(DATA PROVIDED)
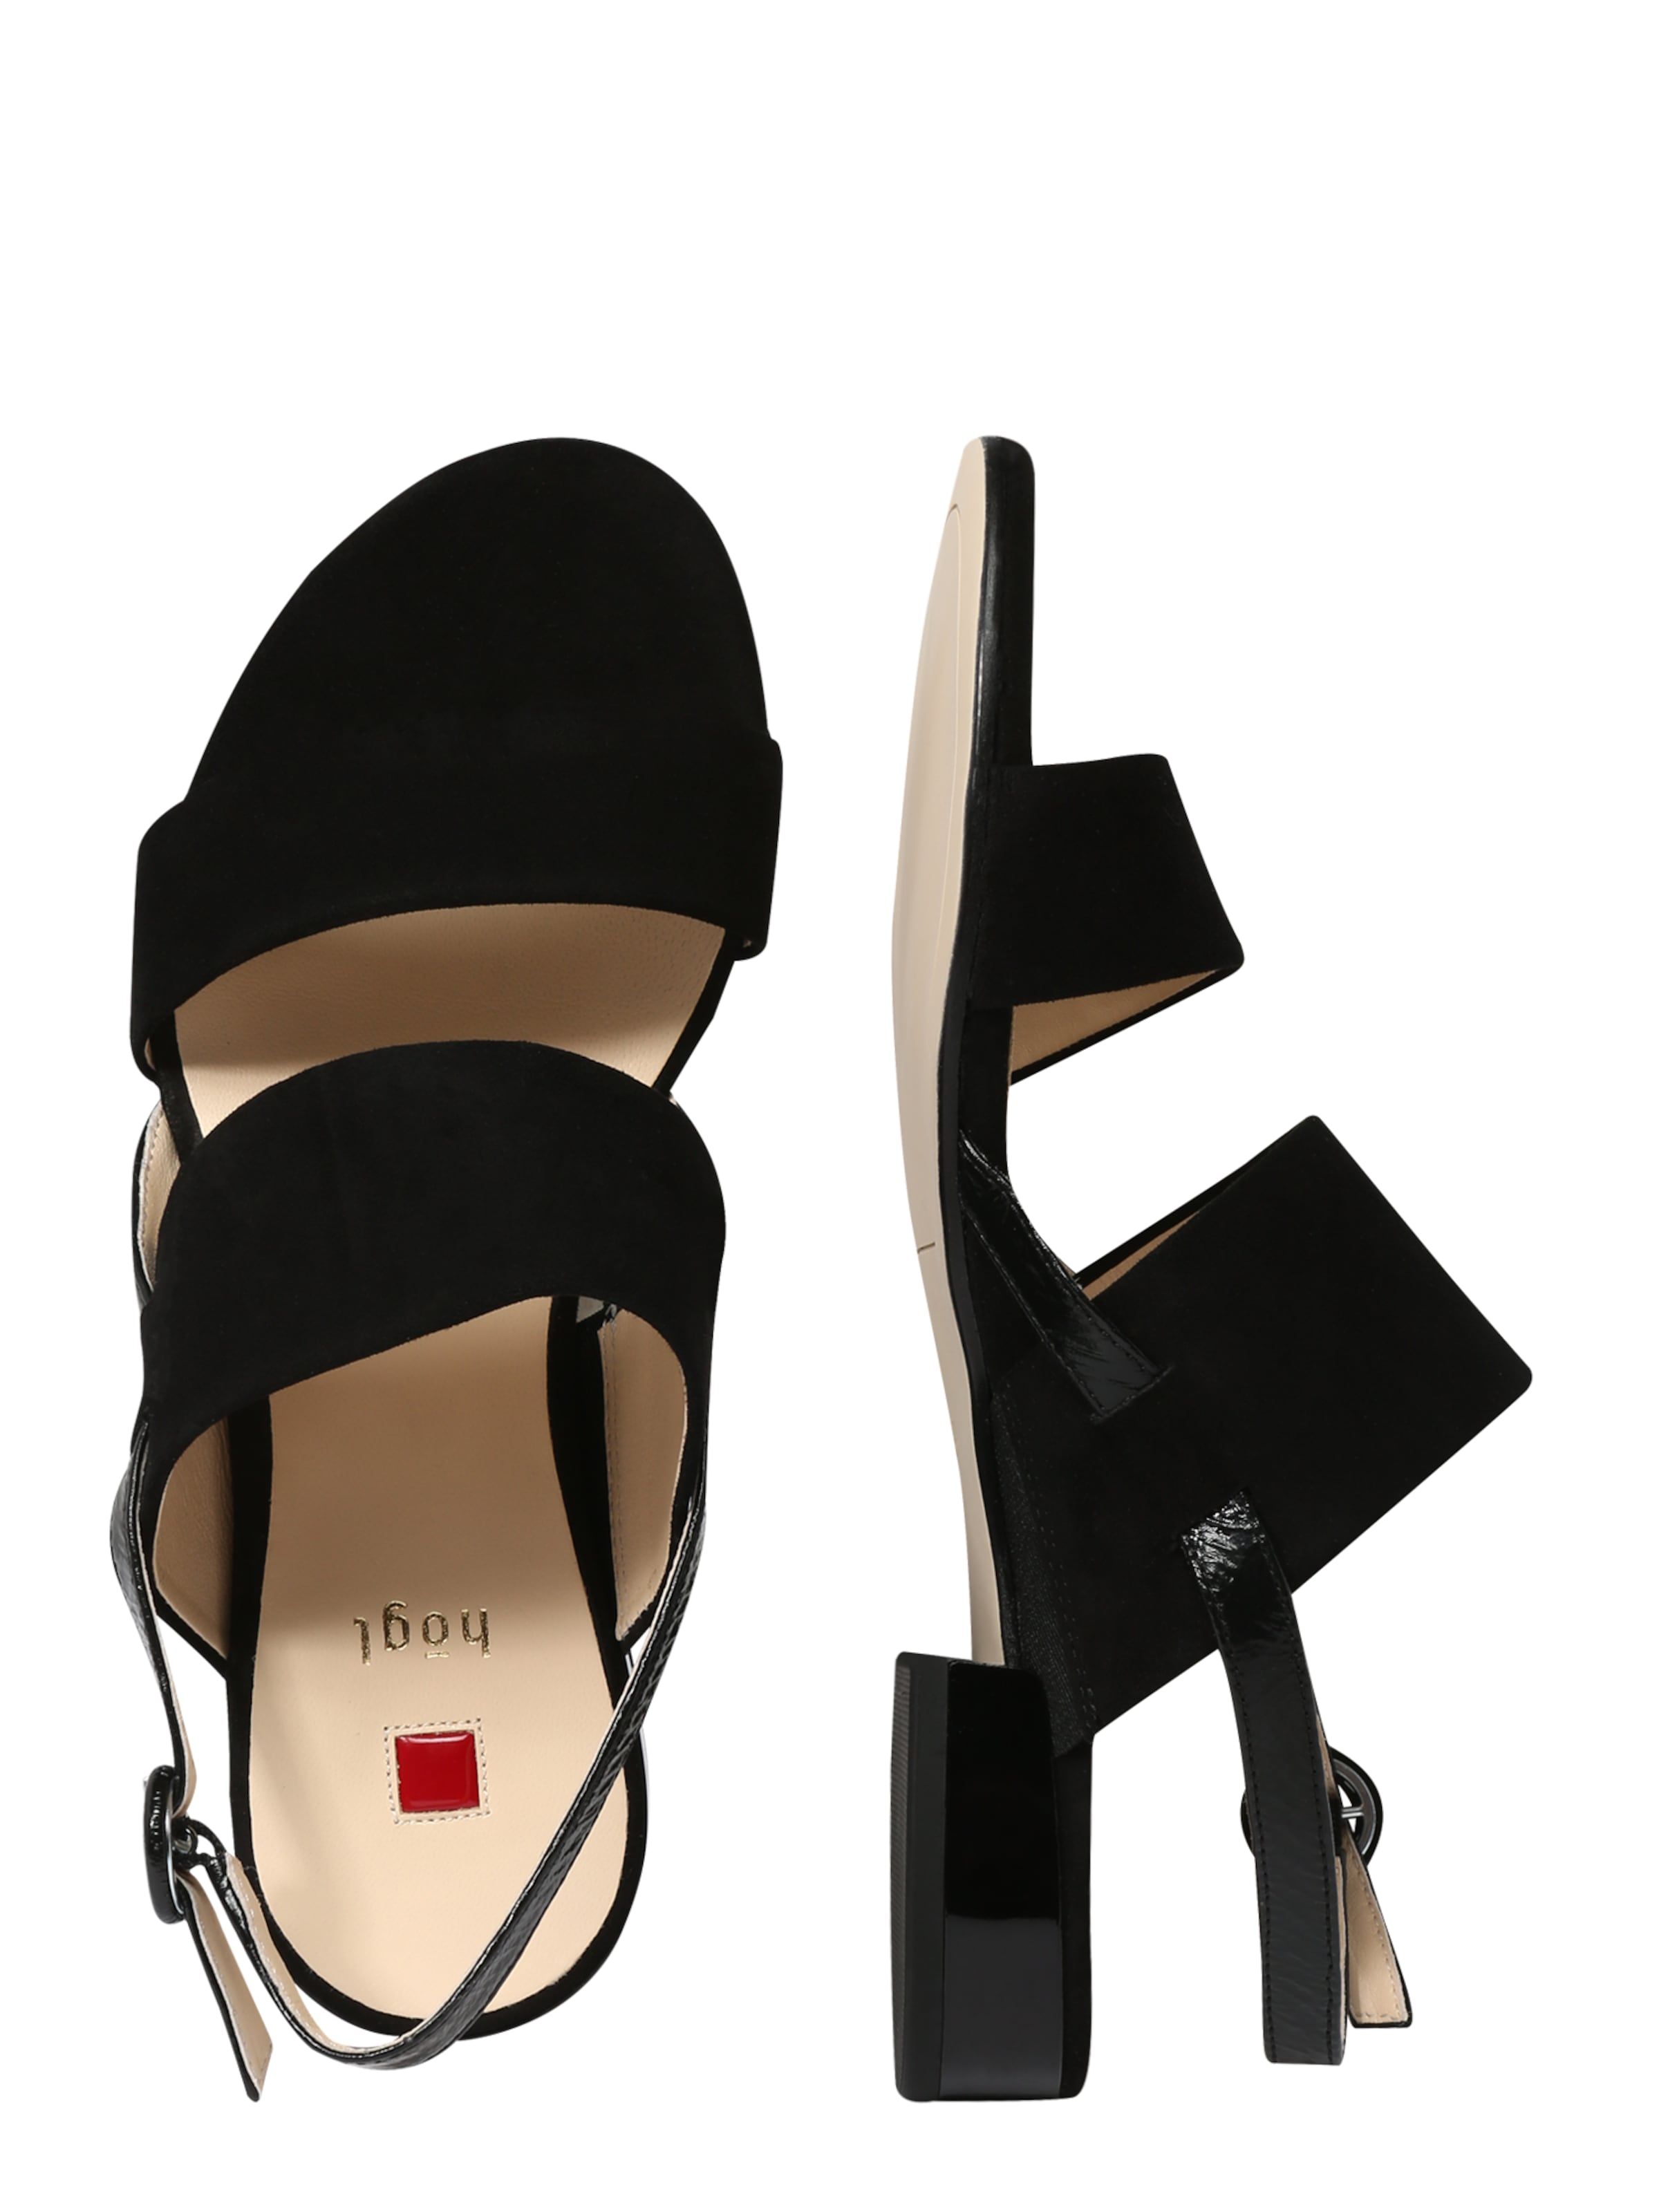 Zwart In Riem Met Velours' Högl Sandalen 'sandale jLSqMVpGzU
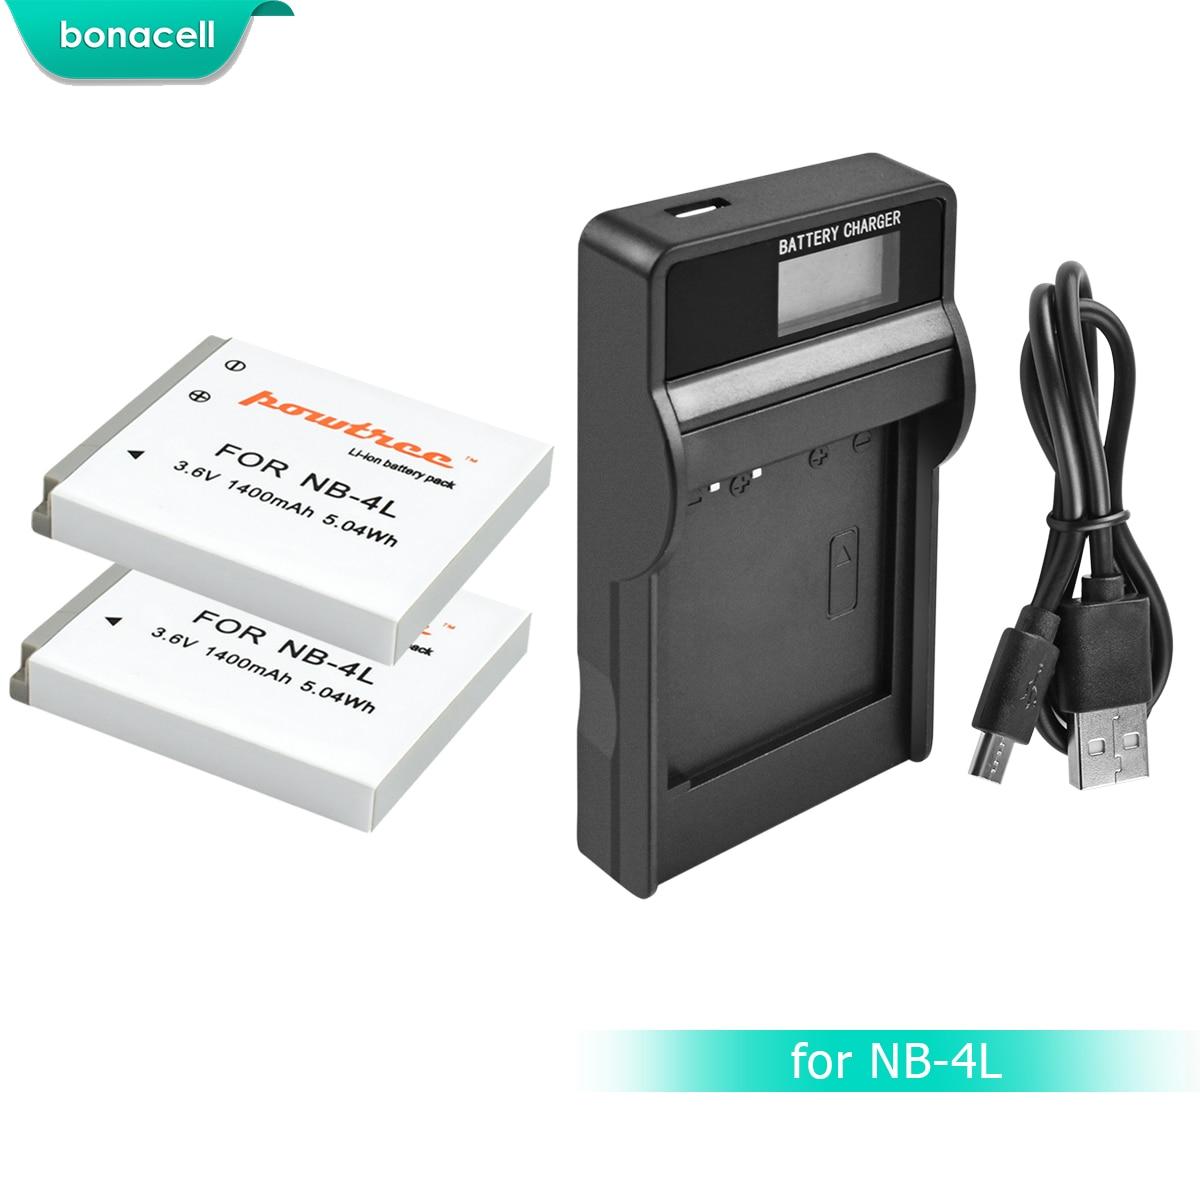 Batería Li-ion Para canondigital Ixy Digital 930 es Digital Ixus 200 Ixus 300
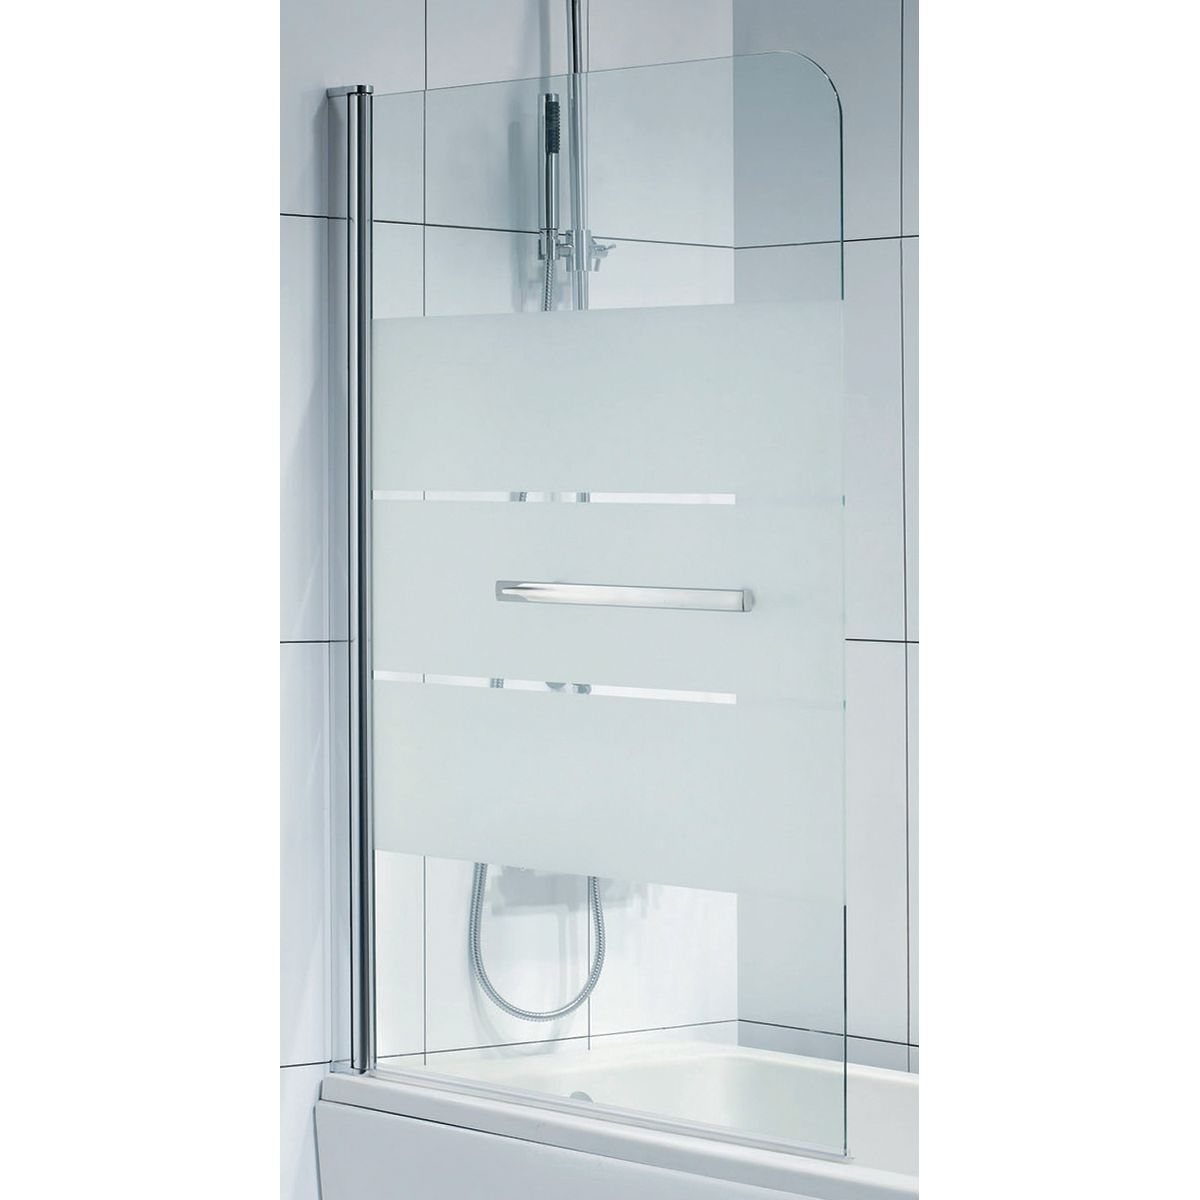 Moda vasca idromassaggio esterno leroy merlin oh24 pineglen for Leroy merlin vasca da bagno
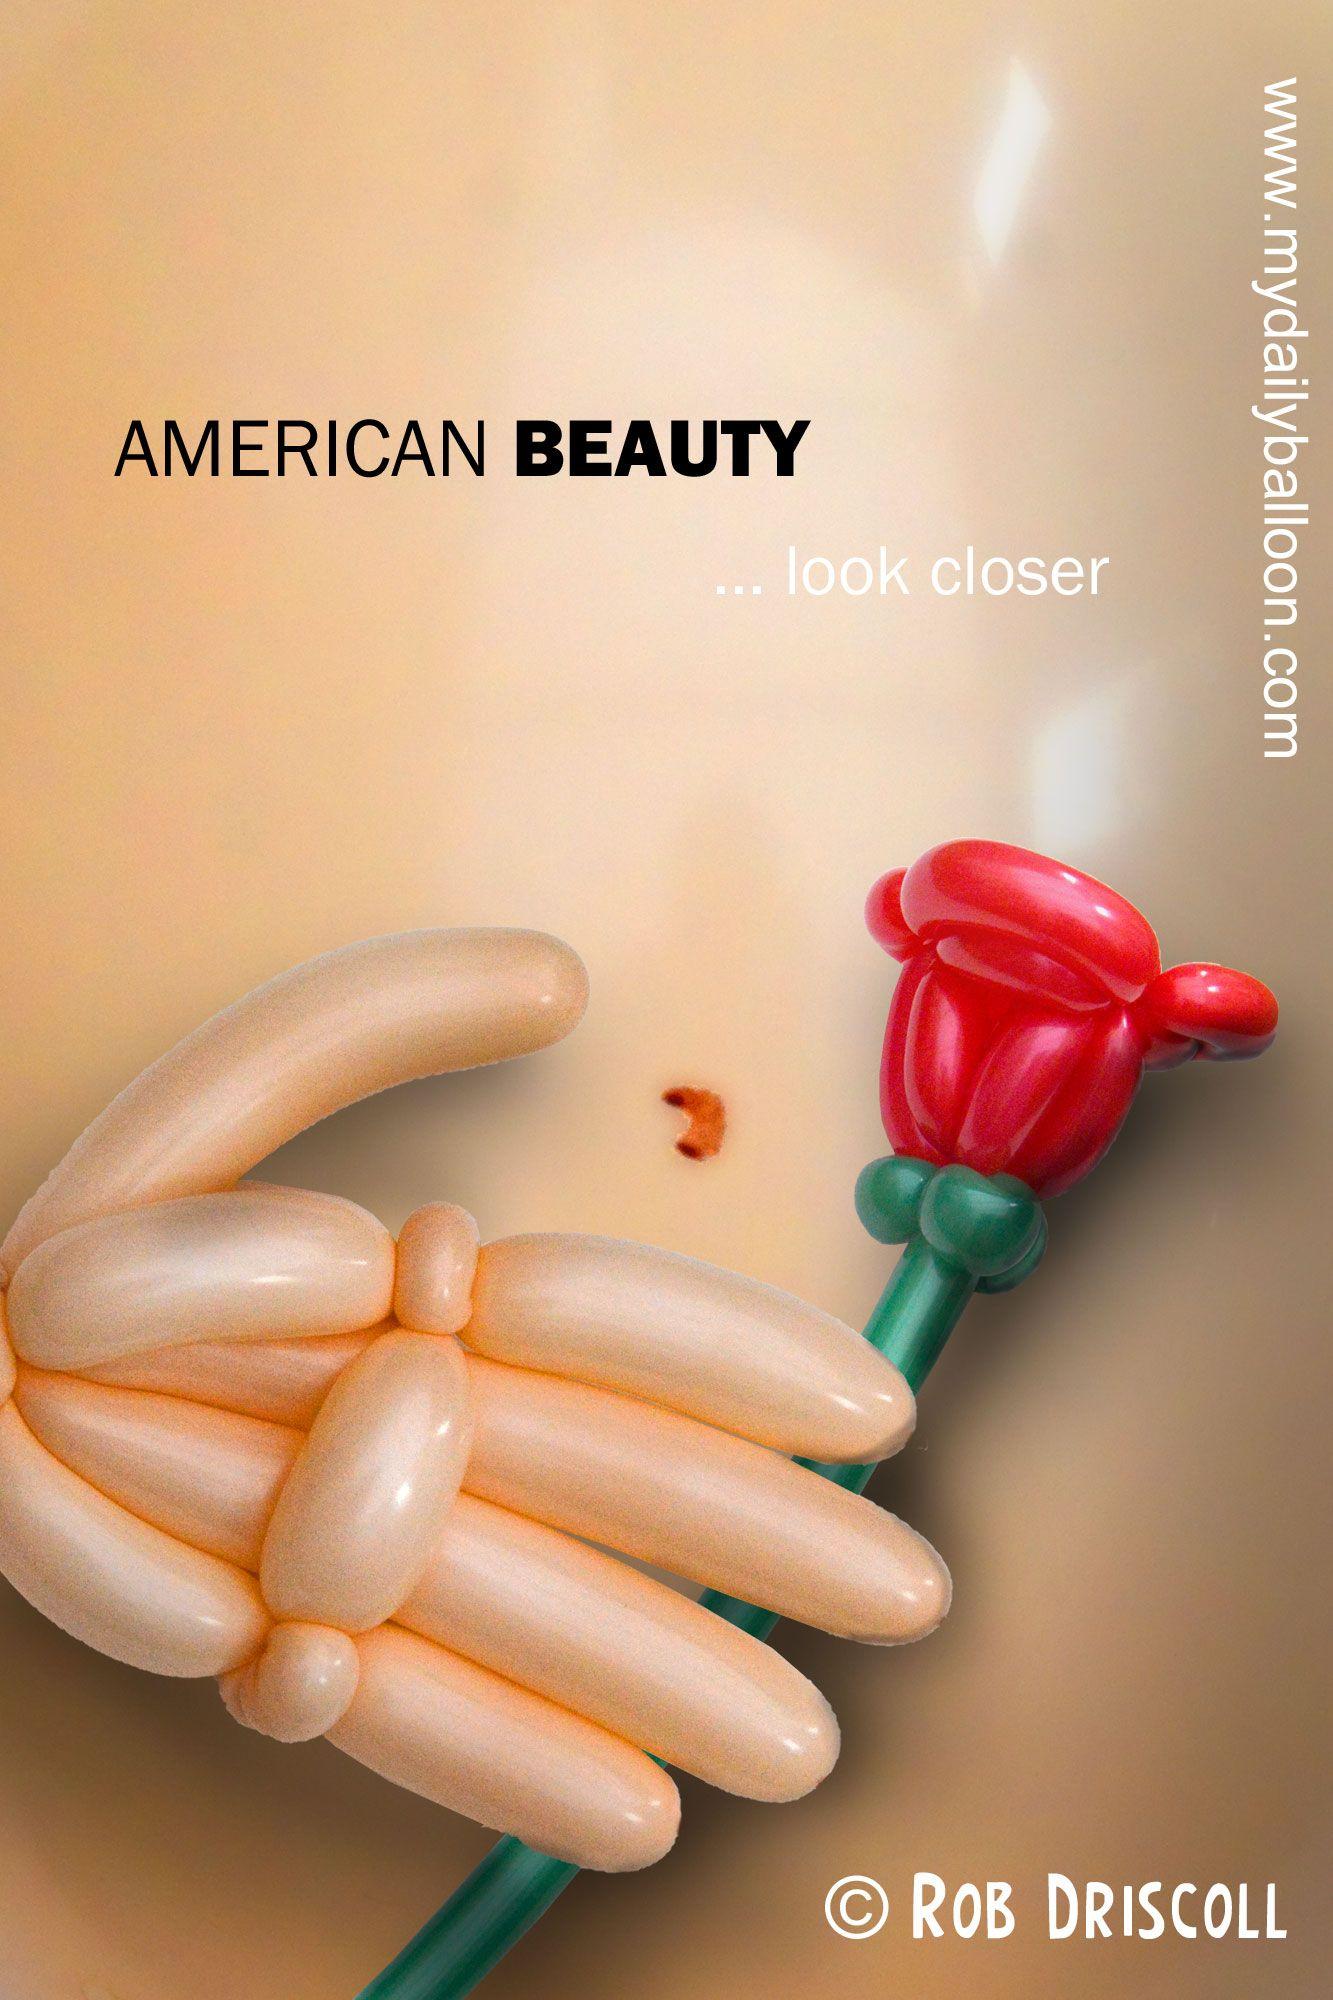 Twisted Cinema - American beauty
(End DATA PROVIDED)
Copy the lines above exactly and exclude every image.

 Zwart In Riem Met Velours' Högl Sandalen 'sandale jLSqMVpGzU
 Batería Li-ion Para canondigital Ixy Digital 930 es Digital Ixus 200 Ixus 300
 Moda vasca idromassaggio esterno leroy merlin oh24 pineglen for Leroy merlin vasca da bagno
 Twisted Cinema - American beauty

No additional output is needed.